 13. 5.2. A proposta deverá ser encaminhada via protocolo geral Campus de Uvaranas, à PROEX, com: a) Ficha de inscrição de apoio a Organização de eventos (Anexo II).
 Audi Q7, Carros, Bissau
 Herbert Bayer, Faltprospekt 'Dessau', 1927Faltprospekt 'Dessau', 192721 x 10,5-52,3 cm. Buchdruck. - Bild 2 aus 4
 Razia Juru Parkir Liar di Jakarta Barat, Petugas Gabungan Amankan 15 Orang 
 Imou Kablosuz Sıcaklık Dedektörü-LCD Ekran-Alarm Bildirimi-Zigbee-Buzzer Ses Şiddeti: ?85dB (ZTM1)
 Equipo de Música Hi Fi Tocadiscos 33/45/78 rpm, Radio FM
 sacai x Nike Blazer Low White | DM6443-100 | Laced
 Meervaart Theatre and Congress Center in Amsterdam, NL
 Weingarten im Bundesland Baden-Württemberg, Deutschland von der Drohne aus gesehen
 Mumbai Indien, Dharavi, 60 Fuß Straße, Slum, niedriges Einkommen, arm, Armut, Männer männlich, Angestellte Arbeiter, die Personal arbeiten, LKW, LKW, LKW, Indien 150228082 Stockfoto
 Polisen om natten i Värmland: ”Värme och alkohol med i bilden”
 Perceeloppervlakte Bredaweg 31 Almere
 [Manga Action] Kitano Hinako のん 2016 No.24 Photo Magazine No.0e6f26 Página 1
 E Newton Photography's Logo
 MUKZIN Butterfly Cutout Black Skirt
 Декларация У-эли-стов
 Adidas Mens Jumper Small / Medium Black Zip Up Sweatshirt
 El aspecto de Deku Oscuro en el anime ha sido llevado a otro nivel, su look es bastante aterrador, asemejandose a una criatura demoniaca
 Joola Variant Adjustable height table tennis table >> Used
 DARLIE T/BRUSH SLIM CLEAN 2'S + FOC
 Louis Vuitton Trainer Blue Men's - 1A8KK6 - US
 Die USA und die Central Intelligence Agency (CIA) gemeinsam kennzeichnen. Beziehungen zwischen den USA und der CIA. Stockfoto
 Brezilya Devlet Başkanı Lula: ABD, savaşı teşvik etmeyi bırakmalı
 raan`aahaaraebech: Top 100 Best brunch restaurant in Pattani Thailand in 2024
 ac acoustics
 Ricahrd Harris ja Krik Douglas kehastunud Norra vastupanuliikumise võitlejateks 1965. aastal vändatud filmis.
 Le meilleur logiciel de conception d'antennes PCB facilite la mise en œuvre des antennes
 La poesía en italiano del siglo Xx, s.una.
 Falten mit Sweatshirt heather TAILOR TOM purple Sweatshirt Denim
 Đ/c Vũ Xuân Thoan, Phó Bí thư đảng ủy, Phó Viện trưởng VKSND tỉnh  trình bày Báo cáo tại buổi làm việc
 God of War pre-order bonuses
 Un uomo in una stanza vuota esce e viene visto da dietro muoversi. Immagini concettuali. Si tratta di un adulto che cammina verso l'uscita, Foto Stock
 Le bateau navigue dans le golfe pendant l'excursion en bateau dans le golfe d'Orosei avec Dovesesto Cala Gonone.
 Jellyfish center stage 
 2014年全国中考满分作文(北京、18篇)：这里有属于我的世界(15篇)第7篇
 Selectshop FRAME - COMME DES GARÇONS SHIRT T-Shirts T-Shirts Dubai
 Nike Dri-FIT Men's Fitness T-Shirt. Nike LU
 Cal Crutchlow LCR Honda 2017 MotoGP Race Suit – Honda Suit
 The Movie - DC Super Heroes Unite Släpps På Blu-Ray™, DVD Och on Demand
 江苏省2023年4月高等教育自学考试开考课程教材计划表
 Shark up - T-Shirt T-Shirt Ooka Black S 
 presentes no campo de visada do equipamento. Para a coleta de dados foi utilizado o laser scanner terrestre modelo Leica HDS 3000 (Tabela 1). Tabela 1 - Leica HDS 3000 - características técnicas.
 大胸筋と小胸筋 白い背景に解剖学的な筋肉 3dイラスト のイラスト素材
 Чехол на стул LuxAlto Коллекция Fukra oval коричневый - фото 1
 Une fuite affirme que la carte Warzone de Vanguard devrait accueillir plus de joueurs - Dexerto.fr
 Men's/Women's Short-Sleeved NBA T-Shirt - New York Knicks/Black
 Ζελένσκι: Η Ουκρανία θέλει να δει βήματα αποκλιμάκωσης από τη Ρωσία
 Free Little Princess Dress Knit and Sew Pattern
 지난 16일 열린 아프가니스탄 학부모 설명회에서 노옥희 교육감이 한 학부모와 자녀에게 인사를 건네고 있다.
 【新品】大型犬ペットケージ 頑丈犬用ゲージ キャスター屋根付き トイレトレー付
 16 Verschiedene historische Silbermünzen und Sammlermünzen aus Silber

──────

About this task - Once the line with "Meervaart Theatre and" is found in the records above, print exactly that line and every line after it through the line with "Shark up - T-Shirt T-Shirt Ooka Black S".

Solution to the exercise -
 Meervaart Theatre and Congress Center in Amsterdam, NL
 Weingarten im Bundesland Baden-Württemberg, Deutschland von der Drohne aus gesehen
 Mumbai Indien, Dharavi, 60 Fuß Straße, Slum, niedriges Einkommen, arm, Armut, Männer männlich, Angestellte Arbeiter, die Personal arbeiten, LKW, LKW, LKW, Indien 150228082 Stockfoto
 Polisen om natten i Värmland: ”Värme och alkohol med i bilden”
 Perceeloppervlakte Bredaweg 31 Almere
 [Manga Action] Kitano Hinako のん 2016 No.24 Photo Magazine No.0e6f26 Página 1
 E Newton Photography's Logo
 MUKZIN Butterfly Cutout Black Skirt
 Декларация У-эли-стов
 Adidas Mens Jumper Small / Medium Black Zip Up Sweatshirt
 El aspecto de Deku Oscuro en el anime ha sido llevado a otro nivel, su look es bastante aterrador, asemejandose a una criatura demoniaca
 Joola Variant Adjustable height table tennis table >> Used
 DARLIE T/BRUSH SLIM CLEAN 2'S + FOC
 Louis Vuitton Trainer Blue Men's - 1A8KK6 - US
 Die USA und die Central Intelligence Agency (CIA) gemeinsam kennzeichnen. Beziehungen zwischen den USA und der CIA. Stockfoto
 Brezilya Devlet Başkanı Lula: ABD, savaşı teşvik etmeyi bırakmalı
 raan`aahaaraebech: Top 100 Best brunch restaurant in Pattani Thailand in 2024
 ac acoustics
 Ricahrd Harris ja Krik Douglas kehastunud Norra vastupanuliikumise võitlejateks 1965. aastal vändatud filmis.
 Le meilleur logiciel de conception d'antennes PCB facilite la mise en œuvre des antennes
 La poesía en italiano del siglo Xx, s.una.
 Falten mit Sweatshirt heather TAILOR TOM purple Sweatshirt Denim
 Đ/c Vũ Xuân Thoan, Phó Bí thư đảng ủy, Phó Viện trưởng VKSND tỉnh  trình bày Báo cáo tại buổi làm việc
 God of War pre-order bonuses
 Un uomo in una stanza vuota esce e viene visto da dietro muoversi. Immagini concettuali. Si tratta di un adulto che cammina verso l'uscita, Foto Stock
 Le bateau navigue dans le golfe pendant l'excursion en bateau dans le golfe d'Orosei avec Dovesesto Cala Gonone.
 Jellyfish center stage 
 2014年全国中考满分作文(北京、18篇)：这里有属于我的世界(15篇)第7篇
 Selectshop FRAME - COMME DES GARÇONS SHIRT T-Shirts T-Shirts Dubai
 Nike Dri-FIT Men's Fitness T-Shirt. Nike LU
 Cal Crutchlow LCR Honda 2017 MotoGP Race Suit – Honda Suit
 The Movie - DC Super Heroes Unite Släpps På Blu-Ray™, DVD Och on Demand
 江苏省2023年4月高等教育自学考试开考课程教材计划表
 Shark up - T-Shirt T-Shirt Ooka Black S 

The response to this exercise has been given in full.